NSX – Edge Services – DHCP

By | January 18, 2016

There are many add on network services offered by the Edge Gateway appliance. DNS, DHCP, Client SSL-VPN, stretched L2 SSL-VPN, IPSEC-VPN, and basic load balancing to name a few. I have to admit it is pretty cool to have all these network services neatly bundled into a single appliance!

I am in process of migrating all of my home lab’s networking services from CentOS Linux VM’s (OpenSSL VPN, Bind DNS Resolver, DHCPD, gateway router, and iptables firewall) to NSX 6.2 running on vCenter 5.5.

DHCP seemed to be one of the least invasive changes to begin making to the environment, so this is the service I started with.

(Whether you are leveraging a *nix based DHCPD or Windows DHCP Service, now would be a good time to grab via screenshot any settings, including IP scope, gateway, DNS, etc. that you would like carried over to NSX.)

Begin by logging in to the vSphere Web Client, and from the home page navigate to Networking & Security.

Select the already deployed Edge Services Gateway which we will be using to provide DHCP service.

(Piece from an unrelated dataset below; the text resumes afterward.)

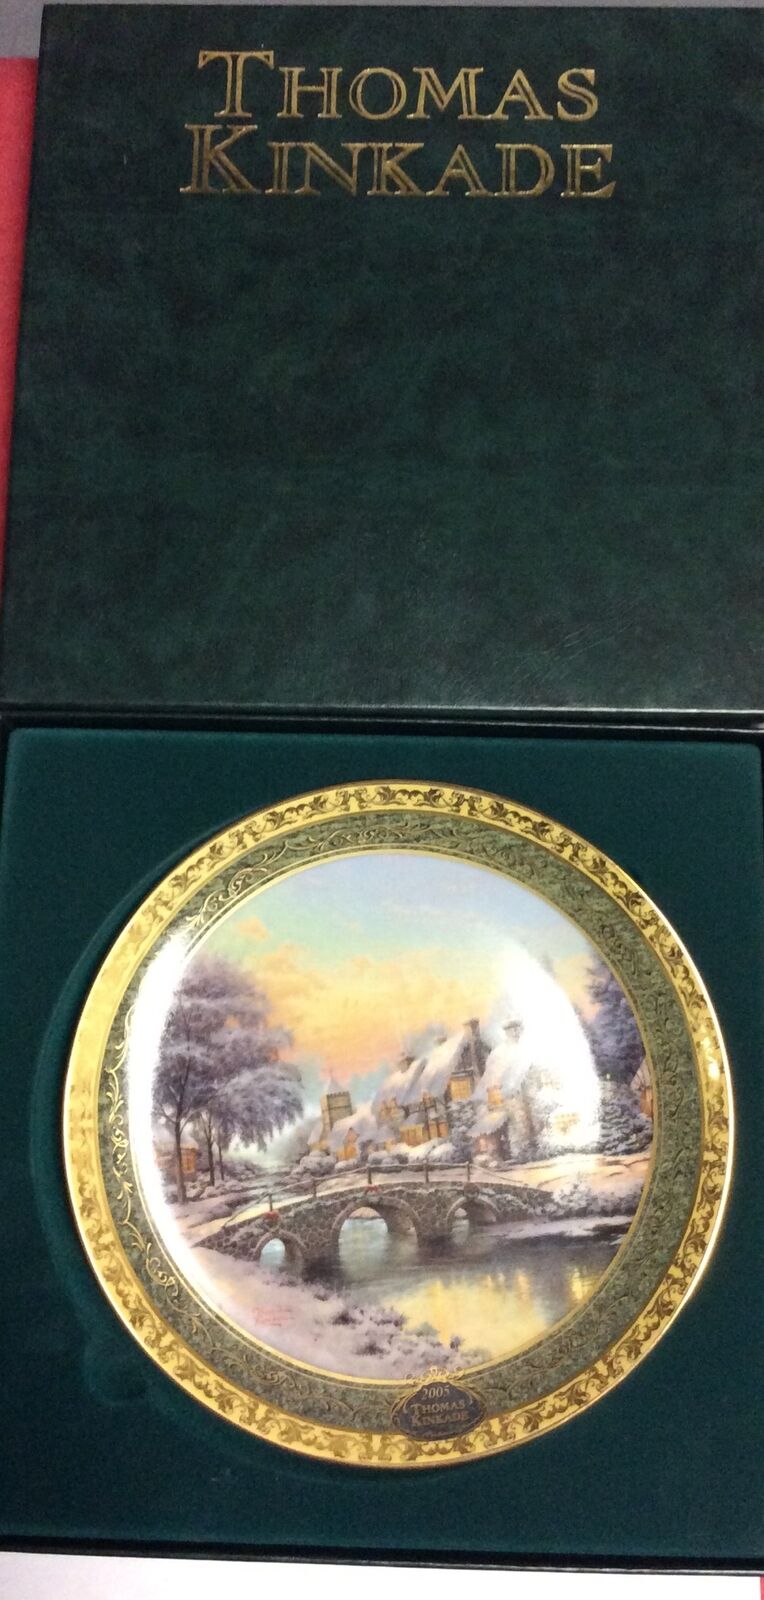 2005 Thomas Kinkade #4657A In The Limited Edition Of Gobblestone Christmas W Box
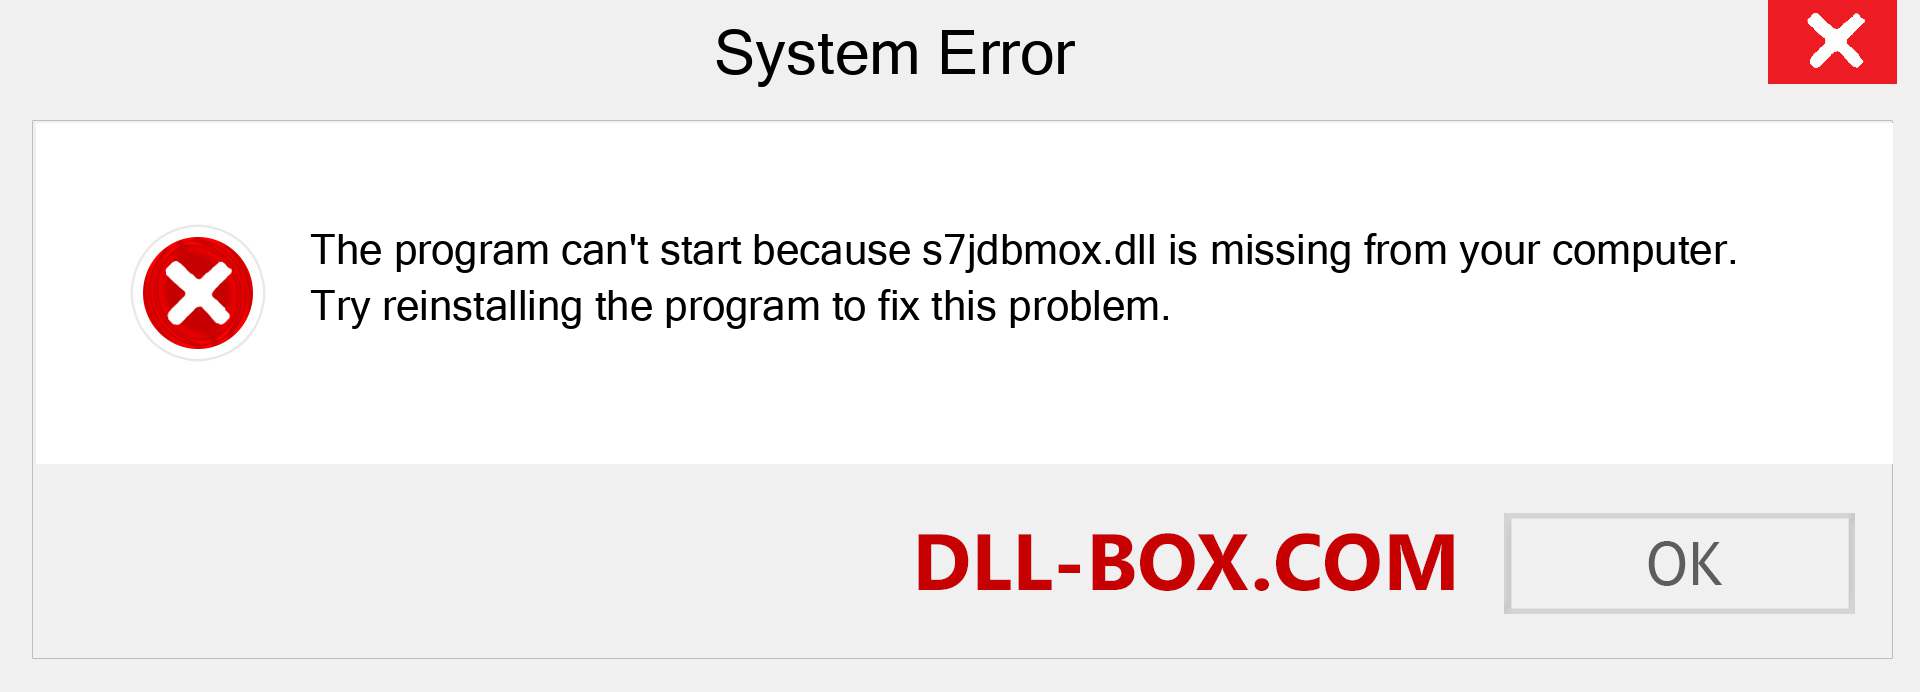  s7jdbmox.dll file is missing?. Download for Windows 7, 8, 10 - Fix  s7jdbmox dll Missing Error on Windows, photos, images

Once in the configuration screen for the NSX Edge, navigate to the DHCP tab. Toggle the “Enable Logging” policy setting, and select the green plus to create a new DHCP pool.

Depending on your specific needs, you can select “Auto Configure DNS” which will push through the IP address of your Edge device as the DNS server for the pool. Yep, the NSX Edge gateway out of the box operates as a recursive DNS server holding its own cache, leveraging the upstream DNS servers specified in the General Settings. This is pretty handy if you want to change your upstream DNS servers without having to touch multiple clients to refresh/renew leases.

In our case we are going to push through specific DNS servers, so we leave this unchecked.

We also leave “Lease Never Expires” unchecked, and set the timeout for one day at 86,400 seconds.

The only other thing to do is to set your range of addresses, preferred search suffix, DNS server settings, and gateway accordingly.

I my case this specific Edge Gateway is indeed acting as the gateway for this subnet.

The service automatically binds the pool to the Edge interface IP’d on the pool range specified. In other words, DHCP clients will need to be on the subnet facing my NSX Edge which is IP’d on

A gotcha that I didn’t see in the admin manual is that it appears the DHCP service must be served up on an NSX interface of type “Internal”. I had originally pegged this to one of my “Uplink” interfaces on the Edge, and could not get the service to work until I re-classified the interface as “Internal”.

Hit OK to save the pool settings.

There can obviously be multiple pools, one for each interface of the Edge. Go ahead and add any other pools as needed.

Finally, set the “DHCP Service Status”” to “Enabled”, and publish the changes.

It’s just that easy!!

Now to check the health of the service……

I have a CentOS 7 VM on the Logical Network facing the Edge. After a restart of network service, it correctly pulls the DHCP settings we specified. Game on!

The Edge Service Gateway is where we go to look at any associated logging. It doesn’t appear to me that any logging or health of the service is available through the Web Client… boo! Maybe in a future release?

SSH to the NSX Edge Gateway. Type the command “show service dhcp” to list service status. (I love that the NSX appliances all have the Cisco IOS feel to them!!)

To see what leases have been handed out, type the command “show service dhcp leaseinfo”.

If you need to clear the leases, you must first enter enable mode, and can then type “clear service dhcp lease”.

That is about it for this post. There isn’t much to lighting up the DHCP service bundled with the Edge appliance, and now I can turn down the CentOS 6 VM that I had previously been using to run DHCPD for my lab. Score.